In Texas, we know that the culture and the politics around guns make addressing certain aspects of gun violence difficult. There has been significant pushback against any form of firearm regulation at the Texas legislature for decades making law changes incremental and creative.
One area where we have seen both bipartisan support and real direct community effects has been safe storage. Last legislative session our partners at Texas Gun Sense were able to add an amendment to House Bill 3, a large bill focused on school safety, that requires schools to share information on safe gun storage.
This was a significant step – safe storage practices, such as storing firearms unloaded, locked up, and separate from ammunition, have been shown to reduce suicides, mass shootings, and accidental shootings. By requiring schools to share information on safe storage practices, it encourages communities to have conversations about firearms and safety. That is critical to addressing not just gun violence, but also the culture around guns that enables violence.
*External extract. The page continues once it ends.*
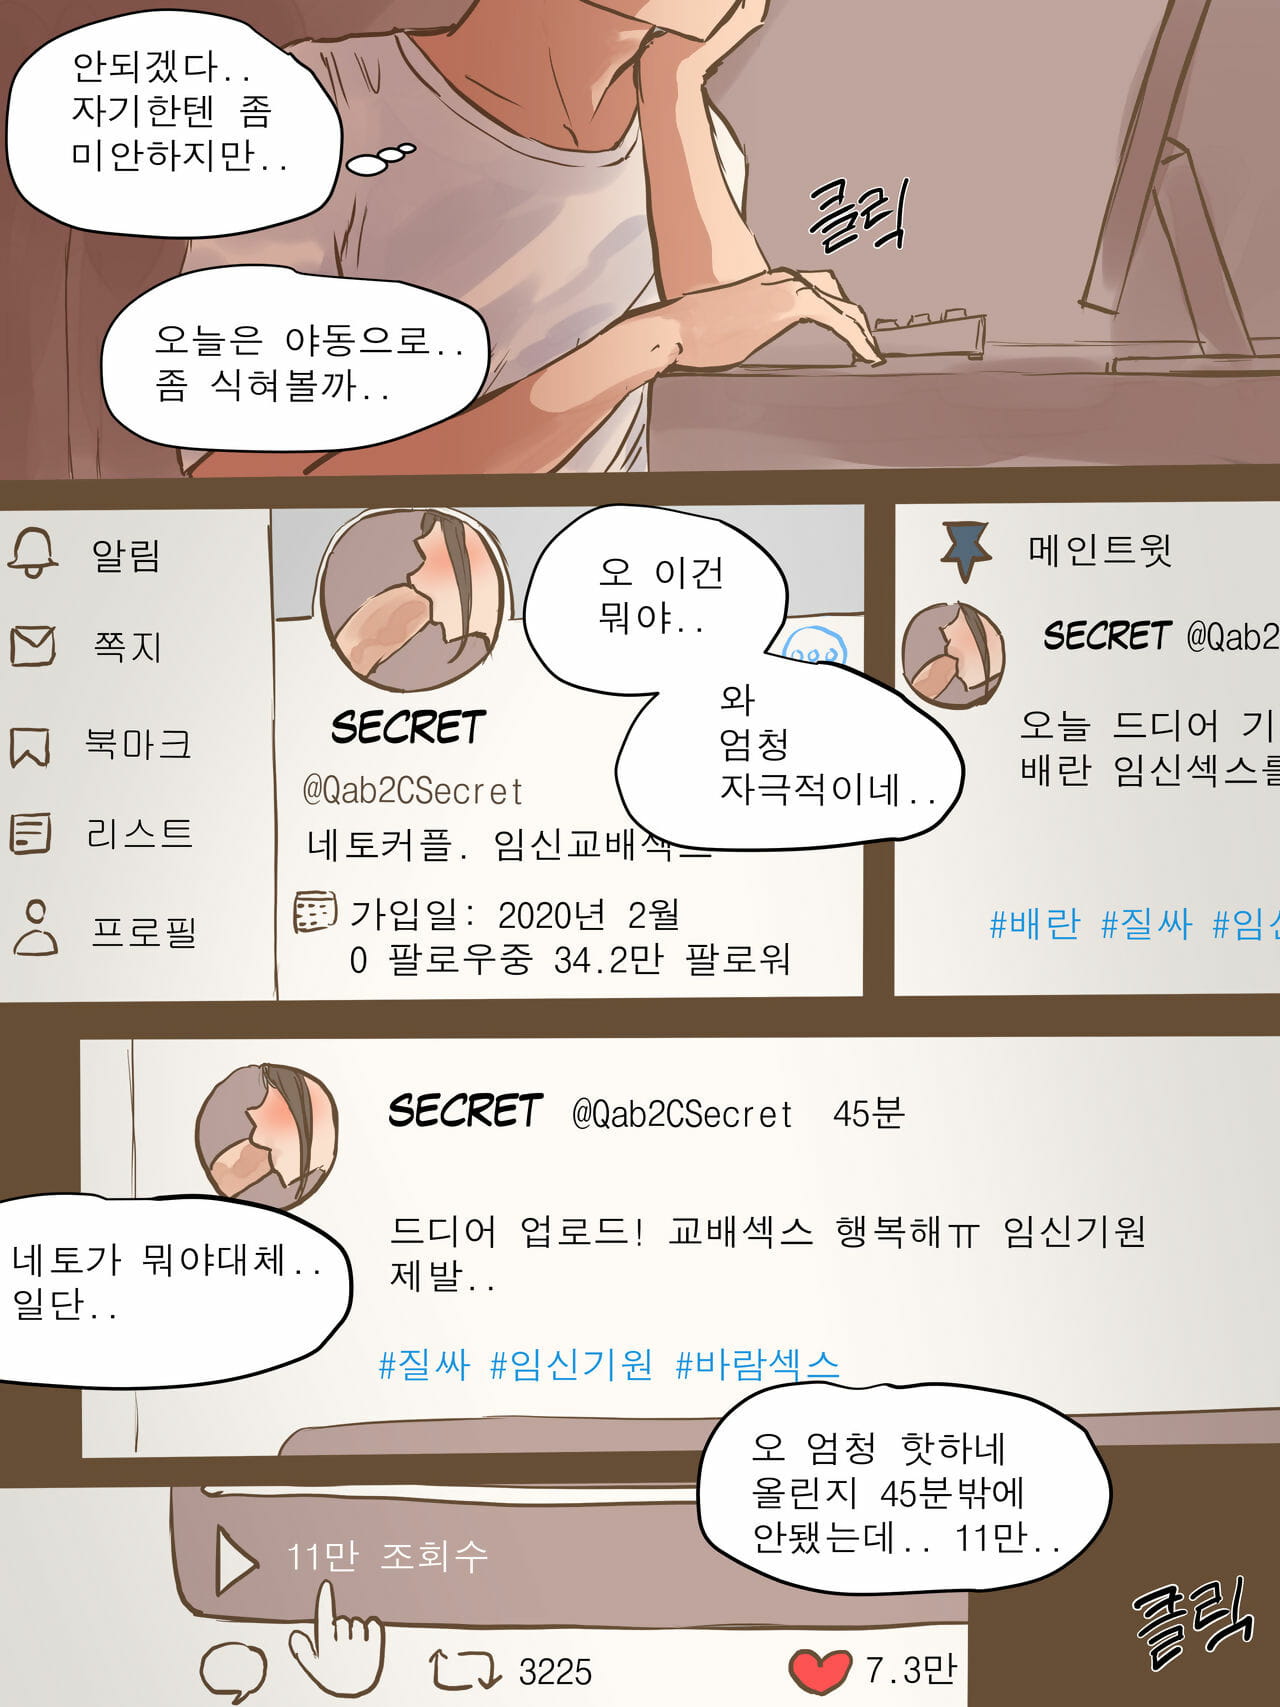 laliberte SECRET Korean - part 2

Fortunately, we are seeing similar progress at the federal level. As a part of a series of executive orders by the White House concerning gun violence, it was announced that the Centers for Medicare and Medicaid Services (CMS), the federal agency that oversees Medicaid, is creating a process to reimburse healthcare providers for screening patients for gun injury risk, counseling them on safer storage practices, and sharing violence prevention resources.
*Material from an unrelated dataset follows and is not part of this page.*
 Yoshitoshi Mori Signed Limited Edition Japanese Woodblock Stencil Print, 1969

Now what does this mean? Medicaid provides health insurance for low-income Americans. Often these same Americans are in communities that are at high risk for gun injury. Medicaid will be able to provide reimbursement to healthcare providers and hospitals that assess their patients’ exposure to firearms and violence, and then offer appropriate counseling.
This could mean that if a patient owns a gun or is in a house with one, they are provided information on safe storage and sometimes given a gun lock. Or it could mean that if a patient is in a neighborhood with high levels of intrapersonal or community violence, instead they are given violence prevention resources.
The program supports a national public health framing of gun violence and critically helps hospitals and care providers be a part of the preventative side of things, something health professionals are eager to do. Last month Texas Impact held a panel discussion on gun violence at Shepherd of the Hills Presbyterian Church. One of the panelists, trauma surgeon Dr. Cardenas, spoke about how prevalent gun violence is in her work. She sees shootings every day. One of her biggest frustrations is how reactive hospital work is. They see people after they have already been shot and often that is too late.
By further ingraining hospitals and healthcare into the gun violence prevention space, we are building upon community violence intervention programs that seek to leverage key community members and institutions to holistically address the root causes of violence. A major part of the community approach is culture change i.e. providing role models to youth, having conversations with parents, and helping people have their needs met.
That means talking about guns in schools, hospitals, and the home. Firearms are a dangerous tool. If they are to continue to be a major facet of American life, then that means we have to be responsible stewards. Our culture has to reflect a willingness to handle guns seriously and above all else put the health and safety of our neighbors first. We need to talk about guns.